If it does dock in Malta, all bets are likely off for a unity government. Related: Why The Saudi Aramco IPO Will Not Be Enough

The core of the problem seems to be the legitimacy of the eastern government and the GNA. Both have international recognition, and even though the UN and the European Union—as well as the U.S.—have most recently thrown their support behind the GNA, the government in Tobruk still claims legitimacy. Since it was also recognized internationally, there isn’t much that one could say to that right now without igniting further hostility between the two governments. The wild card here is the so-called third government, also based in Tripoli and with clear Islamist leanings, which just last week reneged on its promise to resign after the arrival of the GNA.

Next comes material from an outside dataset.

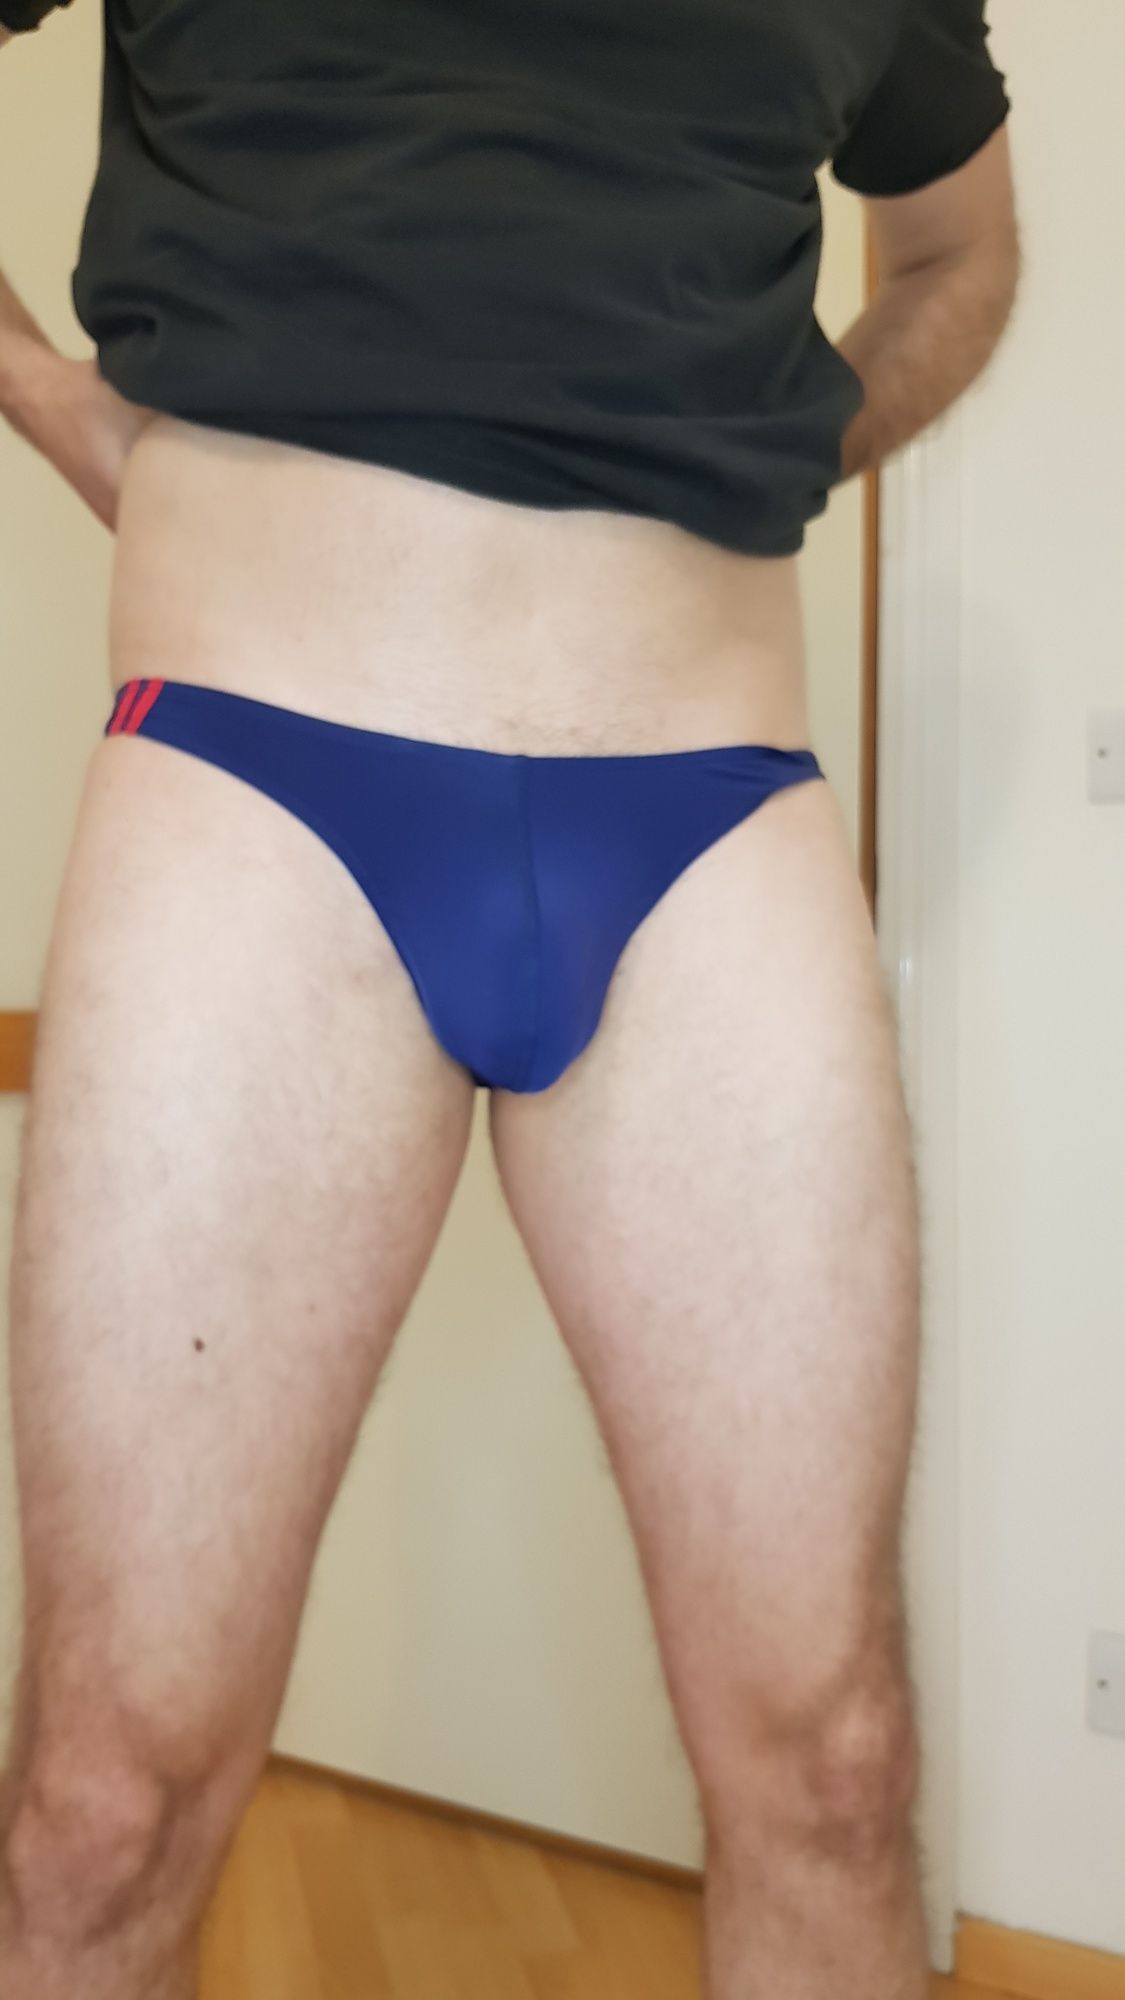 Should i go to pool in this speedos? #3

Lack of oil export revenues could have been used as a lever against the eastern government but now that shippers and buyers for its oil have been found, this lever is gone. The eastern NOC considers the Tobruk government legal and it is very likely that after this initial success, it will continue to seek ways to export crude without the approval of the western NOC, the GNA, and the group of countries usually comprising the international community. Despite efforts from the U.S. and Europe, it is evident that there are some willing buyers of eastern Libyan oil.

This will considerably hamper the return of Libya to a unified state and the restoration of its oil output to pre-civil war levels. Bad as this is for Libya, the strife is putting upward pressure on global crude oil prices.